Physicochemical drinking water composition is a key factor in hypertension risk. Elevated groundwater pH (>8.5, Adjusted Odds Ratio (AOR): 2.12), electrical conductivity (>300 μS/cm, AOR: 1.06), sulphate (>200 mg/L, AOR: 1.16), arsenic (>0.01 mg/L, AOR: 1.09), nitrate (>45 mg/L, AOR: 1.07), and magnesium (>30 mg/L, AOR: 1.03) are associated to higher odds of hypertension. The Random Forest model demonstrated the highest predictive performance, with a coefficient of determination (R²) of 0.9970, mean absolute error (MAE) of 0.0012, and mean squared error (MSE) of 0.0077. It effectively identified high-risk zones in the northwestern (Delhi, Punjab, Haryana, and Rajasthan) and eastern (West Bengal and Bihar) regions of India.

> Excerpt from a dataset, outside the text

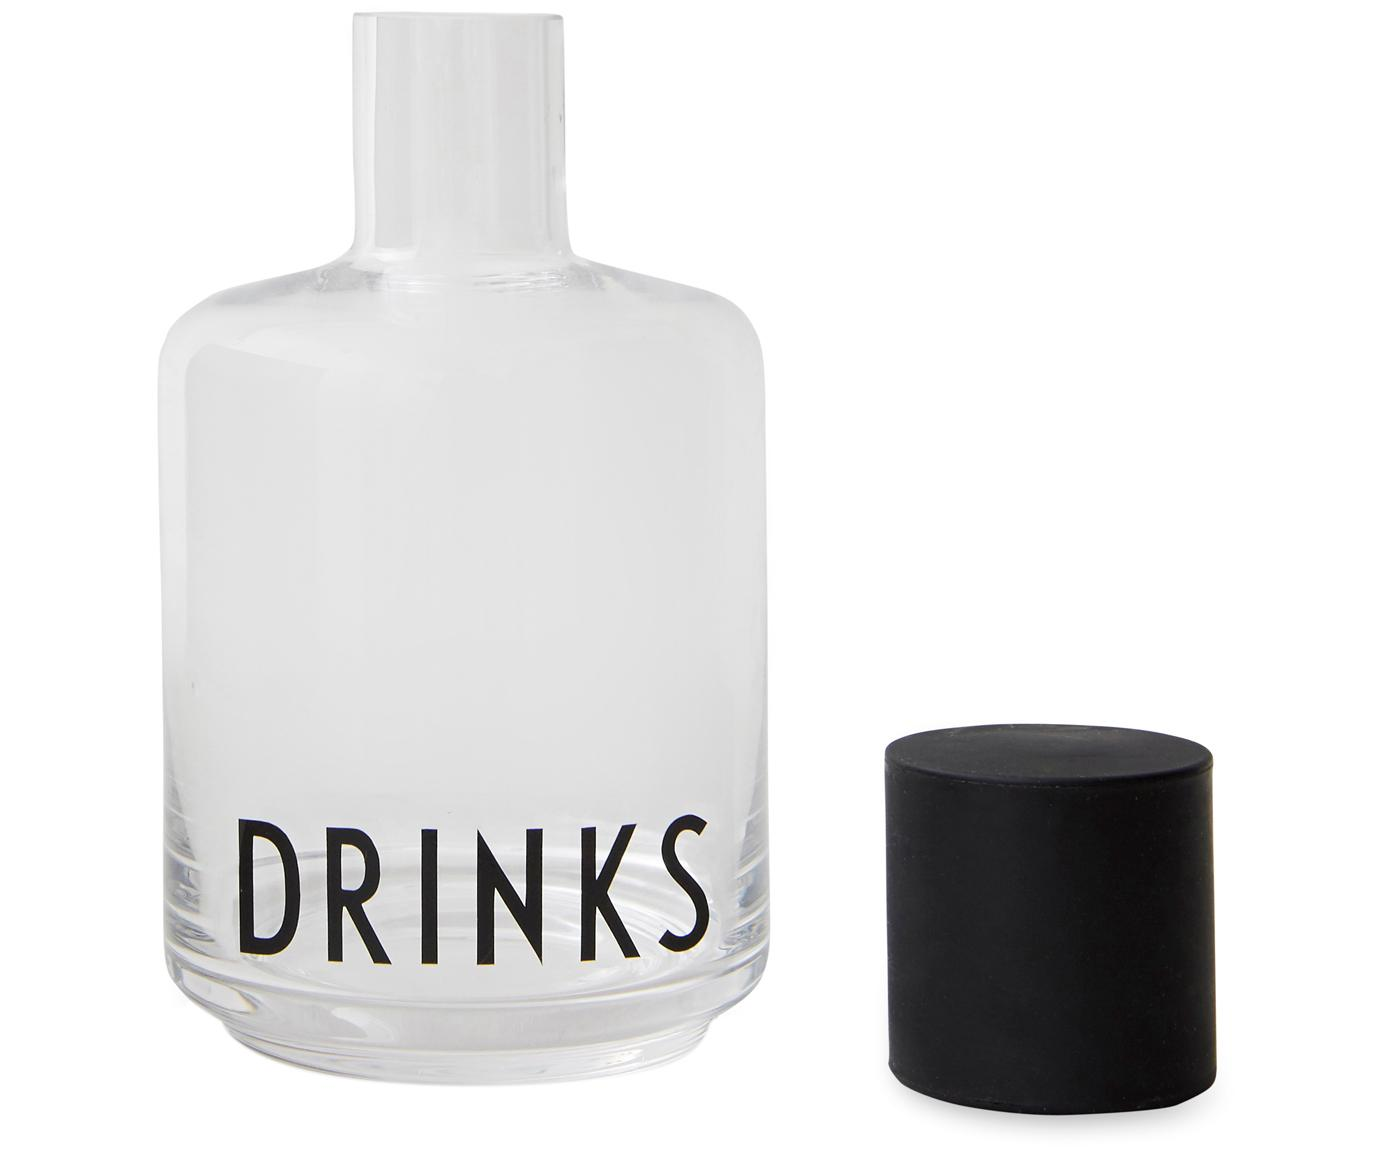 Karaffe Drinks, Deckel: Silikon, Transparent, Schwarz, 500 ml

This study highlights how important groundwater quality is in determining the incidence of hypertension, pointing to groundwater physicochemical properties and contaminants such as electrical conductivity, sulphate, arsenic, nitrate, and magnesium as essential factors. Our research is the first of its kind to comprehensively map hypertension risk zones using machine learning models and geospatial analysis. The findings highlight that water quality is a modifiable risk factor, reinforcing the need for improved drinking water supply systems, regular water quality testing, and targeted interventions in high-risk regions. This study emphasizes the importance of intersectoral collaborations to enhance public health outcomes.
四分之一的印度人患有高血压,且大多数人依靠地下水作为饮用水源。但地下水的物理化学性质及污染在高血压发病中的作用仍未得到充分研究。
本研究调查印度地下水的物理化学特征及污染物与高血压风险之间的关联。
本研究使用了第五轮全国家庭健康调查(NFHS-5,于2019 - 2021年收集)的数据,包括健康状况、社会人口统计学以及食物和饮食信息(n = 712,666人)。地下水数据的物理化学特征源自中央地下水委员会(CGWB,2019 - 2021年)。这些来自栅格地图的地下水数据通过聚类形状文件与NFHS-5记录相链接,并通过聚类ID与个体记录合并。
采用双变量和多变量回归来识别个体层面与高血压相关的因素。在地区层面使用莫兰指数(Moran's I)统计量、局部空间自相关指标(LISA)聚类图以及空间误差模型(SEM)来研究空间关联。使用机器学习模型,包括人工神经网络(ANN)、随机森林和极端梯度提升(XGBoost)来预测高血压风险区域。
饮用水的物理化学成分是高血压风险的关键因素。地下水pH值升高(>8.5,调整后的优势比(AOR):2.12)、电导率升高(>300 μS/cm,AOR:1.06)、硫酸盐升高(>200 mg/L,AOR:1.16)、砷升高(>0.01 mg/L,AOR:1.09)、硝酸盐升高(>45 mg/L,AOR:1.07)以及镁升高(>30 mg/L,AOR:1.03)与高血压的较高发病几率相关。随机森林模型展现出最高的预测性能,决定系数(R²)为0.9970,平均绝对误差(MAE)为0.0012,均方误差(MSE)为0.0077。它有效地识别出了印度西北部(德里、旁遮普邦、哈里亚纳邦和拉贾斯坦邦)和东部(西孟加拉邦和比哈尔邦)地区的高风险区域。
本研究凸显了地下水质量在决定高血压发病率方面的重要性,指出电导率、硫酸盐、砷、硝酸盐和镁等地下水物理化学性质及污染物是关键因素。我们的研究首次使用机器学习模型和地理空间分析全面绘制高血压风险区域。研究结果表明水质是一个可改变的风险因素,强化了改善饮用水供应系统、定期进行水质检测以及在高风险地区进行针对性干预的必要性。本研究强调了跨部门合作对改善公众健康结果的重要性。